Do finite algebraically closed fields exist?

No, there do not exist any finite algebraically closed fields. For suppose $K$ is a finite field; then the polynomial $$f(x)=1+\prod_{\alpha\in K}(x-\alpha)\in K[x]$$ cannot have any roots in $K$ (because $f(\alpha)=1$ for any $\alpha\in K$), so $K$ cannot be algebraically closed.

Note that for $K=\mathbb{F}_{p^n}$, the polynomial is $$f(x)=1+\prod_{\alpha\in K}(x-\alpha)=1+(x^{p^n}-x).$$


Hint $\rm\:F[x]\:$ has infinitely many primes for every field $\rm\,F\,$ -- by mimicking Euclid's proof for integers. In particular, if $\rm\,F\,$ is algebraically closed, there are infinitely many nonassociate primes $\rm\ x - a_i\:$ therefore there are infinitely many elements $\rm\:a_i\in F\:.\:$

Remark $\ $ This explains the genesis of the polynomial employed in Zev's answer.


As others have said, there cannot be any finite algebraically closed fields (and if there were, algebraic geometry would be a rather different subject than it is;-). In fact there cannot even be any finite field $K$ over which all quadratic polynomials have roots, by the following simple counting argument.

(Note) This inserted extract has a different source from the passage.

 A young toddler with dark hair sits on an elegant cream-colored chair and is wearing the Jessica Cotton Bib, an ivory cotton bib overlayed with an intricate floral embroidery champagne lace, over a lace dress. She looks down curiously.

Let $q=|K|$, then there are $q$ monic degree $1$ polynomials $X-a$, and similarly $q^2$ monic degree $2$ polynomials $X^2+c_1X+c_0$ in $K[X]$. By commutativity there are only $\frac{q^2+q}2$ distinct products of two degree $1$ polynomials, which leaves $q^2-\frac{q^2+q}2=\binom{q}2$ irreducible monic quadratic polynomials. (Even without using unique factorization, one gets at least so many monic irreducible polynomials.)

There are in fact formulas in terms of $q$ for the number of (monic) irreducible polynomials over $K$ of any degree, obtained by the inclusion–exclusion principle.

These formulas show that, if the mythological field with $1$ element were to exist, it would be algebraically closed.

Added: It turns out that finding the number monic irreducible polynomials over $K$ of a given degree using only inclusion–exclusion (and nothing about finite fields) gets rather hairy. Rather, one can use the existence of finite field $K'$ of order $q^n$ to find the formula. All elements of $K'$ have a minimal polynomial of degree $d$ dividing $n$, since they are contained in a subfield of order $q^d$, and inversely all $d$ roots of such an irreducible polynomial are distinct and lie in $K'$. Then if $c_d(q)$ counts the irreducible polynomials of degree $d$ over $K$, one has $\sum_{d|n}dc_d(q)=q^n$. From this a Möbius inversion argument (which is a form of inclusion–exclusion) gives $$ c_n(q)=\frac{\sum_{d|n}\mu(n/d)q^d }n $$ where $\mu$ is the classical Möbius function.


As an alternative approach, suppose we have a field $K$ such that $\overline{K}$, the algebraic closure of $K$, is finite (and we'll also assume that $\vert K \vert >1$). It is clear that $K$ must then be finite, so $K=\mathbb{F}_p^n$ for some prime $p$ and some $n\in \mathbb{N}$.

However, for $i \vert j$, we have $\mathbb{F}_{p^i}$ isomorphic to a subfield of $\mathbb{F}_{p^j}$. Thus, $\overline{K}=\overline{\mathbb{F}_{p^n}}=\bigcup\limits_{n\vert m} \mathbb{F}_{p^m}$, which is infinite.

Therefore the algebraic closure of any (non-trivial) field is infinite.